**PROBLEM DESCRIPTION**: Every line in the listing that holds "Adidas" counts once; state the total and nothing more.

**DATA RECORDS**:
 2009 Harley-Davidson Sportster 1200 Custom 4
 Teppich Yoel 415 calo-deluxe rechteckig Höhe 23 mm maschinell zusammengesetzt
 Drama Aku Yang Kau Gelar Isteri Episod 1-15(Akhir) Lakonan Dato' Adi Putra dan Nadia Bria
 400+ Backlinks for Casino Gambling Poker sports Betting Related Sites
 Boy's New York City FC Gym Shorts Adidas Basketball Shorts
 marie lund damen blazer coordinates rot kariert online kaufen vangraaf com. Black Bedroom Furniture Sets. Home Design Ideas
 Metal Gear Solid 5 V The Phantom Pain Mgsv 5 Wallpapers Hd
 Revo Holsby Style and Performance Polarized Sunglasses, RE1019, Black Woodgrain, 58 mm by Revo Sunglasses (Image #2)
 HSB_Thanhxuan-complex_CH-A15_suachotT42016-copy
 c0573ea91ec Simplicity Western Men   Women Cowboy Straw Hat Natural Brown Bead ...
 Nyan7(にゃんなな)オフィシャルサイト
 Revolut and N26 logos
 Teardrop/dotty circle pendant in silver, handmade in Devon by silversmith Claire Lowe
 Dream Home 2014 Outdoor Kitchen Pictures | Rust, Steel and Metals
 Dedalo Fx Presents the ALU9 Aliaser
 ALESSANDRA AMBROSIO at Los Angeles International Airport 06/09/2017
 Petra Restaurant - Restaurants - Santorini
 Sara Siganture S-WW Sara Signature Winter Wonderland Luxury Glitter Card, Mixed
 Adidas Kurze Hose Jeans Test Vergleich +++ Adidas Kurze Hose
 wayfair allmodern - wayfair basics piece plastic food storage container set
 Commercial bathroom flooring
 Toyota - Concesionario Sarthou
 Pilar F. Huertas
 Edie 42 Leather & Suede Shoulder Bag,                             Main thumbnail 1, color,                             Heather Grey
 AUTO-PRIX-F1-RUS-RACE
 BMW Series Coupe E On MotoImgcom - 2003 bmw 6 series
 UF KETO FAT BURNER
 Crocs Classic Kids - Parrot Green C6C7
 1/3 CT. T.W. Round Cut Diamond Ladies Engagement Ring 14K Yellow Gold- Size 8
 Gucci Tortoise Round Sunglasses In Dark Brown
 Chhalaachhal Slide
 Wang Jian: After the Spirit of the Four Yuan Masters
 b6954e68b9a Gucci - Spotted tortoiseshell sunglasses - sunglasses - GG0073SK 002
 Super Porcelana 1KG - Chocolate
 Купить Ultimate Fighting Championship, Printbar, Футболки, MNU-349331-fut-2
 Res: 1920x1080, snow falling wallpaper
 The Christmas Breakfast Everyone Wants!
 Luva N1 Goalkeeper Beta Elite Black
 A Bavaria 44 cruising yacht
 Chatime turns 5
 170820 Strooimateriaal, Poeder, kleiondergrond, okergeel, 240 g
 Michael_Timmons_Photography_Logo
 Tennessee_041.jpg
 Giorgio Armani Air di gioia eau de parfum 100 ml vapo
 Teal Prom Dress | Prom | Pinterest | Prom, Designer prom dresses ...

**RESPONSE BELOW**: 2